The program only requires one argument to run, the name of the repo:

```shell
$ pip3 install criticality-score

$ criticality_score --repo github.com/kubernetes/kubernetes
name: kubernetes
url: https://github.com/kubernetes/kubernetes
language: Go
created_since: 79
updated_since: 0
contributor_count: 3664
org_count: 5
commit_frequency: 102.7
recent_releases_count: 76
closed_issues_count: 2906
updated_issues_count: 5136
comment_frequency: 5.7
dependents_count: 407254
criticality_score: 0.9862
```

You can add your own parameters to the criticality score calculation. For
example, you can add internal project usage data to re-adjust the project's
criticality score for your prioritization needs. This can be done by adding
the `--params <param1_value>:<param1_weight>:<param1_max_threshold> ...`
argument on the command line.

### Authentication

Before running criticality score, you need to:

- For GitHub repos, you need to
[create a GitHub access token](https://docs.github.com/en/free-pro-team@latest/developers/apps/about-apps#personal-access-tokens)
and set it in environment variable `GITHUB_AUTH_TOKEN`.
This helps to avoid the GitHub's
[api rate limits](https://developer.github.com/v3/#rate-limiting)
with unauthenticated requests.

```shell
# For posix platforms, e.g. linux, mac:
export GITHUB_AUTH_TOKEN=<your access token>

# For windows:
set GITHUB_AUTH_TOKEN=<your access token>
```

- For GitLab repos, you need to
[create a GitLab access token](https://docs.gitlab.com/ee/user/profile/personal_access_tokens.html)
and set it in environment variable `GITLAB_AUTH_TOKEN`.
This helps to avoid the GitLab's api limitations for unauthenticated users.

```shell
# For posix platforms, e.g. linux, mac:
export GITLAB_AUTH_TOKEN=<your access token>

# For windows:
set GITLAB_AUTH_TOKEN=<your access token>
```

### Formatting Results

There are three formats currently: `default`, `json`, and `csv`. Others may be added in the future.
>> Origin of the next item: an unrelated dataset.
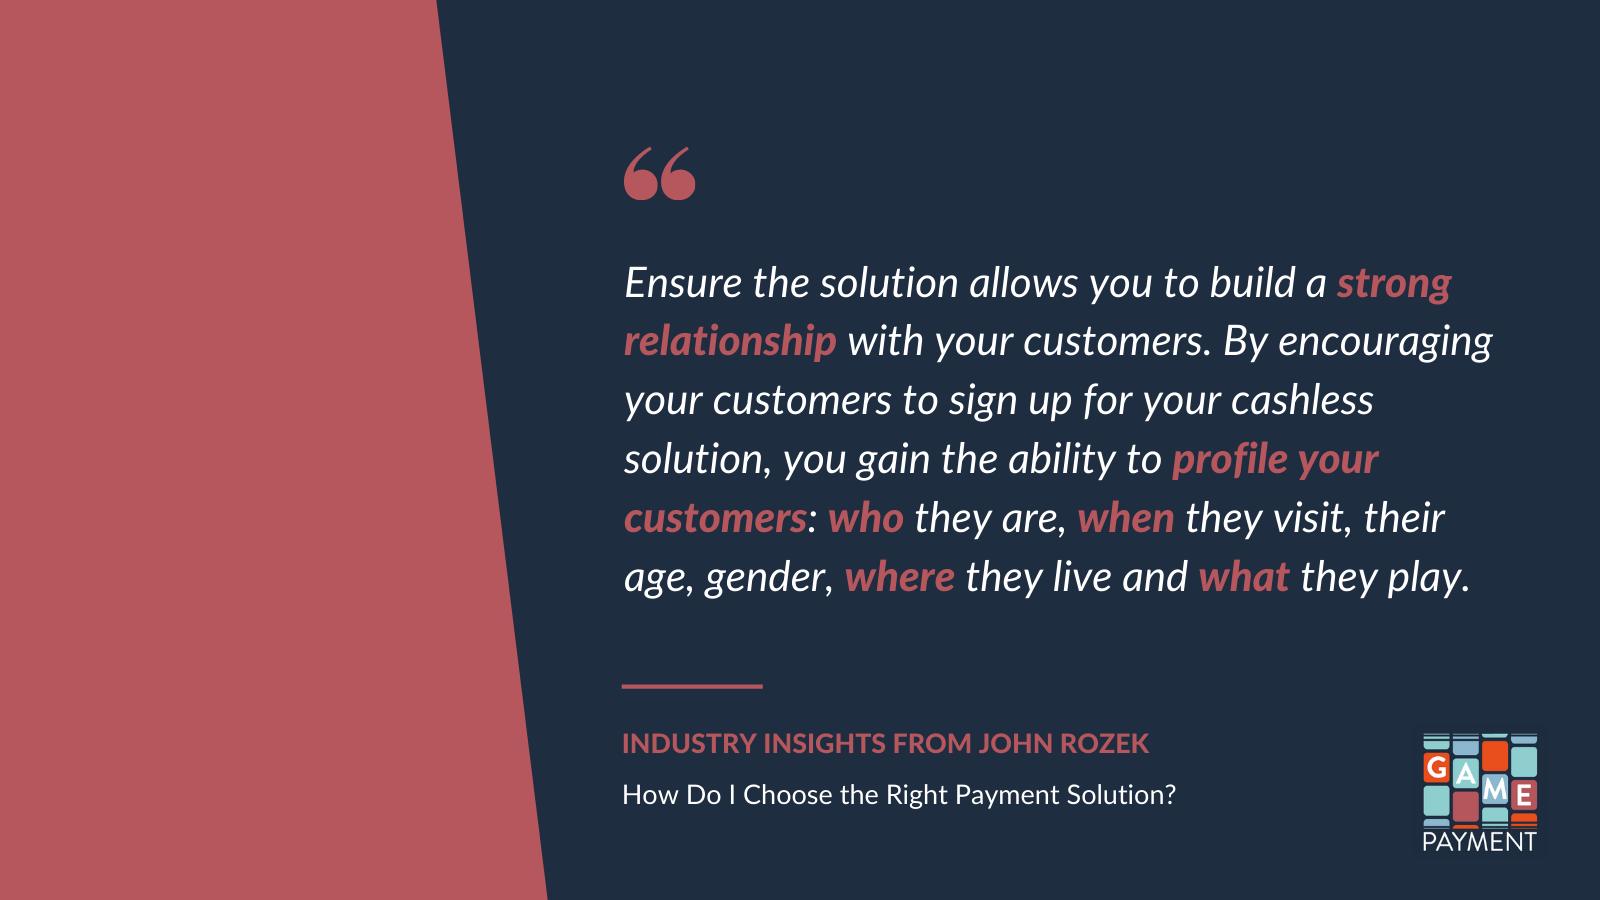 Industry Insights From John Rozek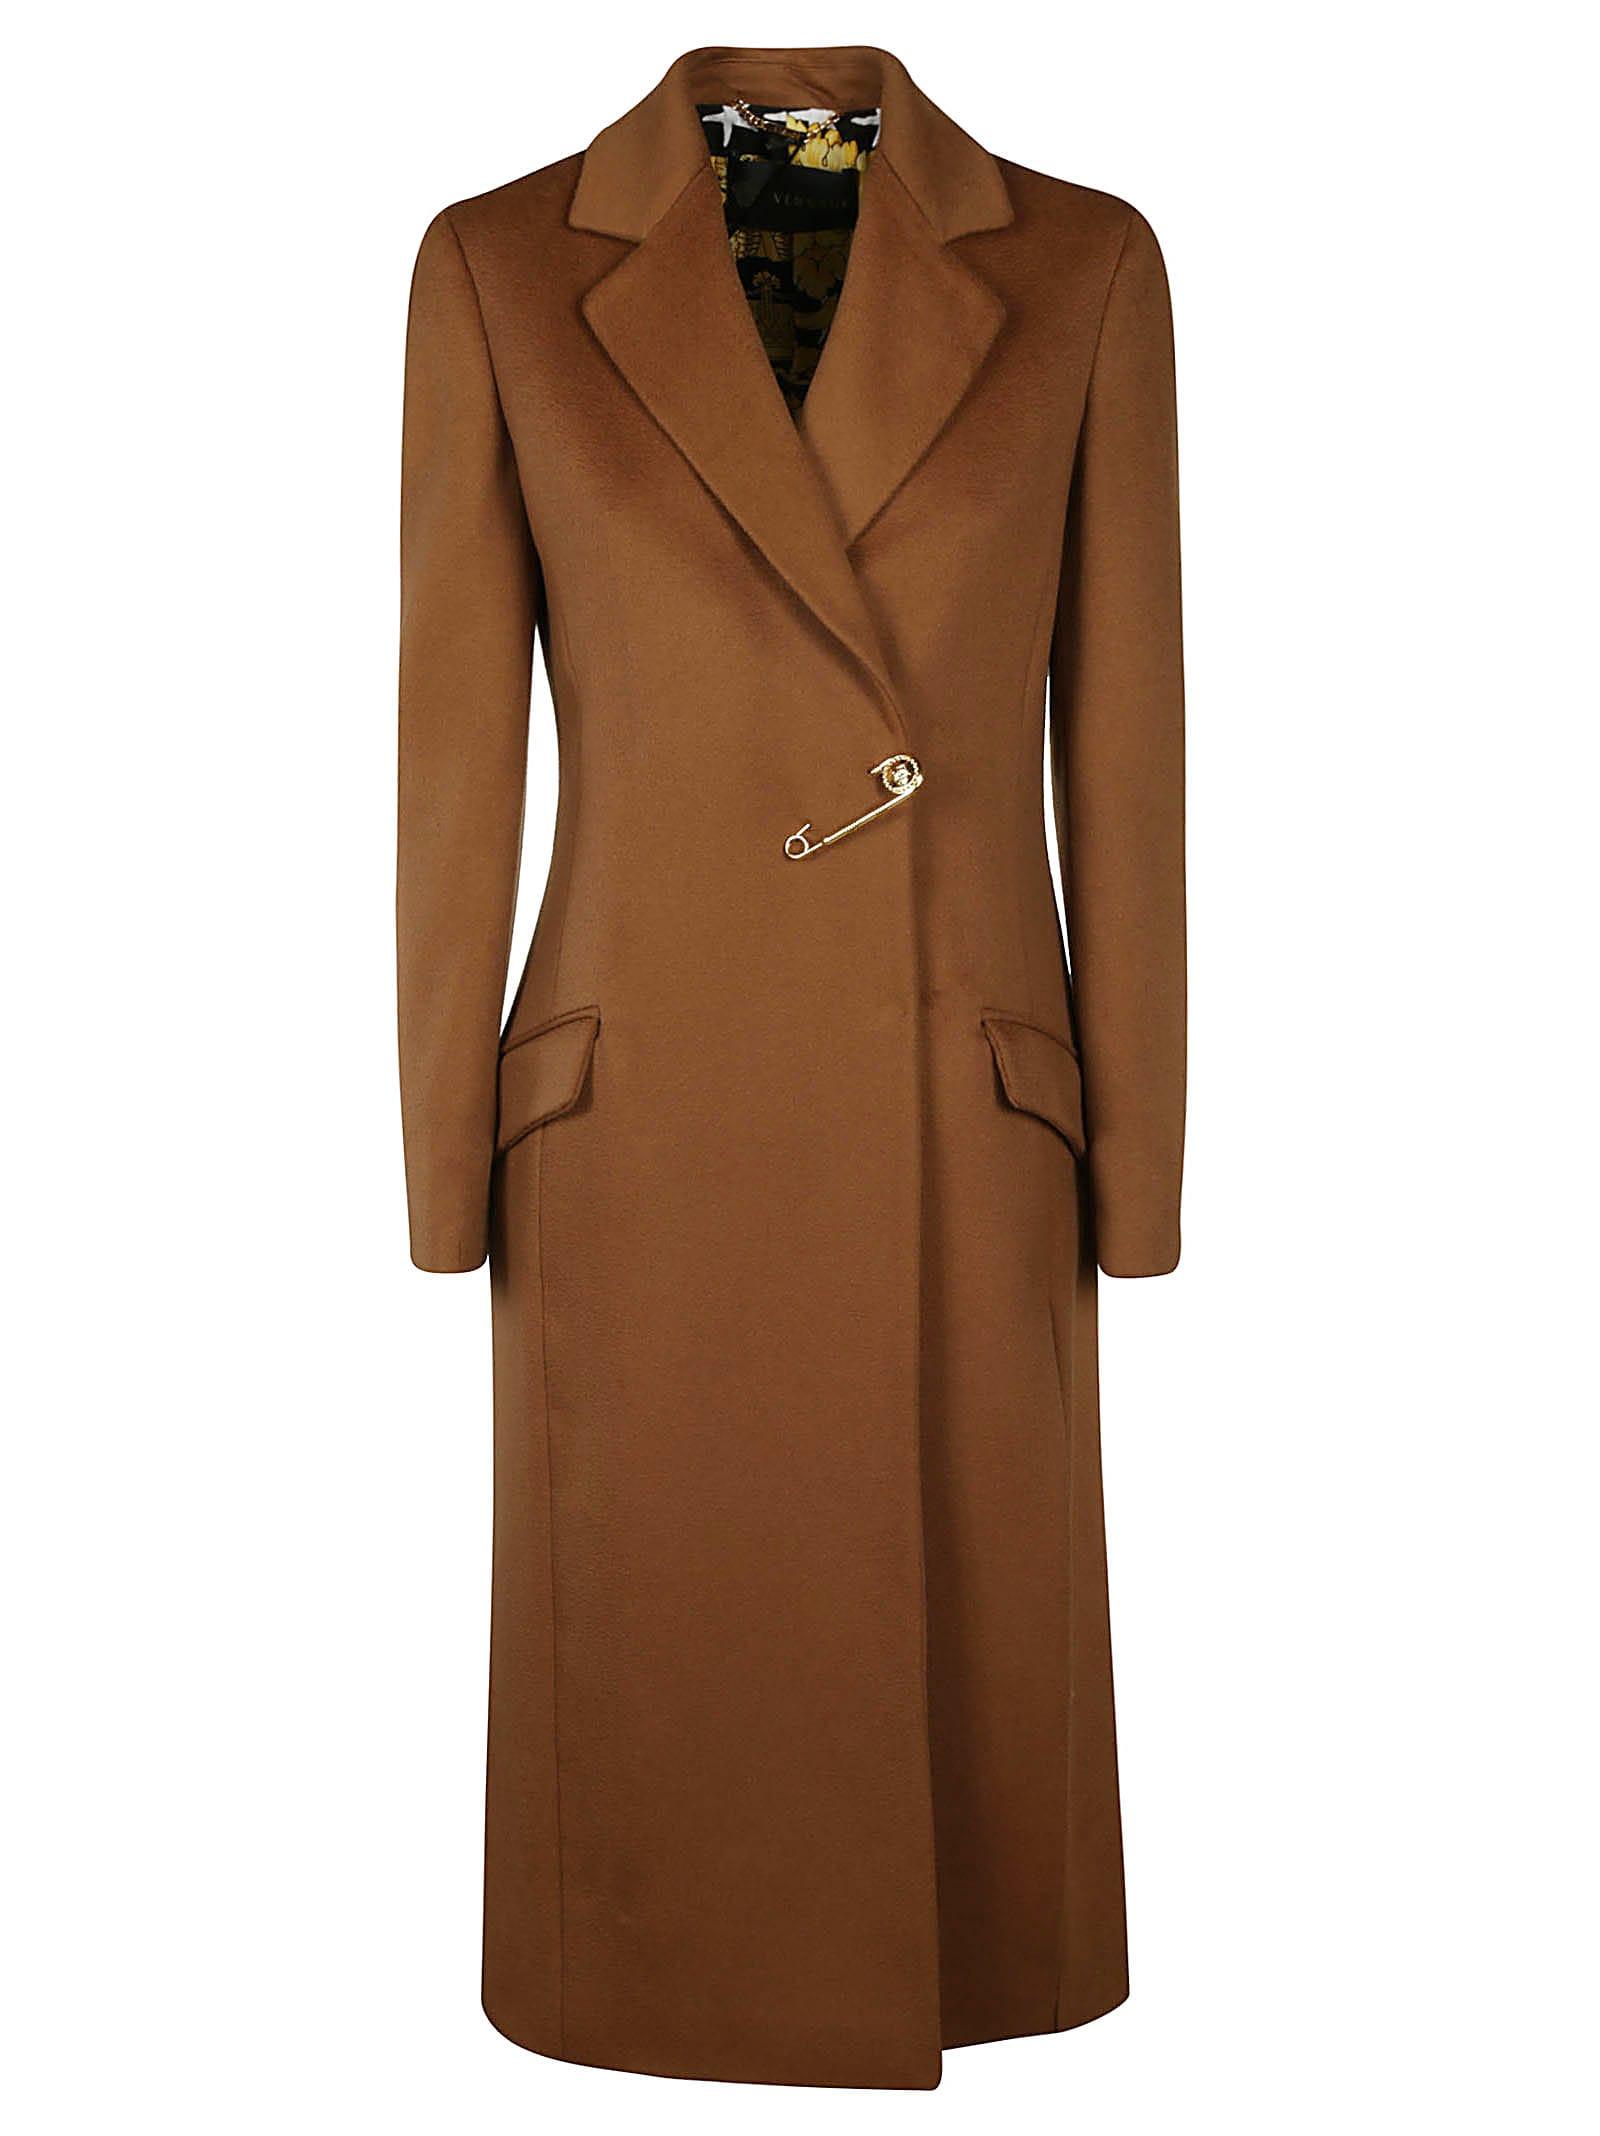 Versace Concealed Coat

These may be specified with the `--format` flag.

## Public Data

If you're only interested in seeing a list of critical projects with their
criticality score, we publish them in `csv` format.

This data is available on Google Cloud Storage and can be downloaded via the
[`gsutil`](https://cloud.google.com/storage/docs/gsutil_install)
command-line tool or the web browser
[here](https://commondatastorage.googleapis.com/ossf-criticality-score/index.html).

**NOTE**: Currently, these lists are derived from **projects hosted on GitHub ONLY**.
We do plan to expand them in near future to account for projects hosted on other
source control systems.

```shell
$ gsutil ls gs://ossf-criticality-score/*.csv
gs://ossf-criticality-score/c_top_200.csv
gs://ossf-criticality-score/cplusplus_top_200.csv
gs://ossf-criticality-score/csharp_top_200.csv
gs://ossf-criticality-score/go_top_200.csv
gs://ossf-criticality-score/java_top_200.csv
gs://ossf-criticality-score/js_top_200.csv
gs://ossf-criticality-score/php_top_200.csv
gs://ossf-criticality-score/python_top_200.csv
gs://ossf-criticality-score/ruby_top_200.csv
gs://ossf-criticality-score/rust_top_200.csv
gs://ossf-criticality-score/shell_top_200.csv
```

This data is generated using this
[generator script](https://github.com/ossf/criticality_score/blob/main/criticality_score/generate.py).
For example, to generate a list of top 200 C language projects, run:

```shell
$ python3 -u -m criticality_score.generate \
    --language c --count 200 --sample-size 5000
```


## Contributing

If you want to get involved or have ideas you'd like to chat about, we discuss this project in the [Securing Critical Projects WG](https://github.com/ossf/wg-securing-critical-projects) meetings.

See the [Community Calendar](https://calendar.google.com/calendar?cid=czYzdm9lZmhwNWk5cGZsdGI1cTY3bmdwZXNAZ3JvdXAuY2FsZW5kYXIuZ29vZ2xlLmNvbQ) for the schedule and meeting invitations.

See the [Contributing](CONTRIBUTING.md) documentation for guidance on how to contribute.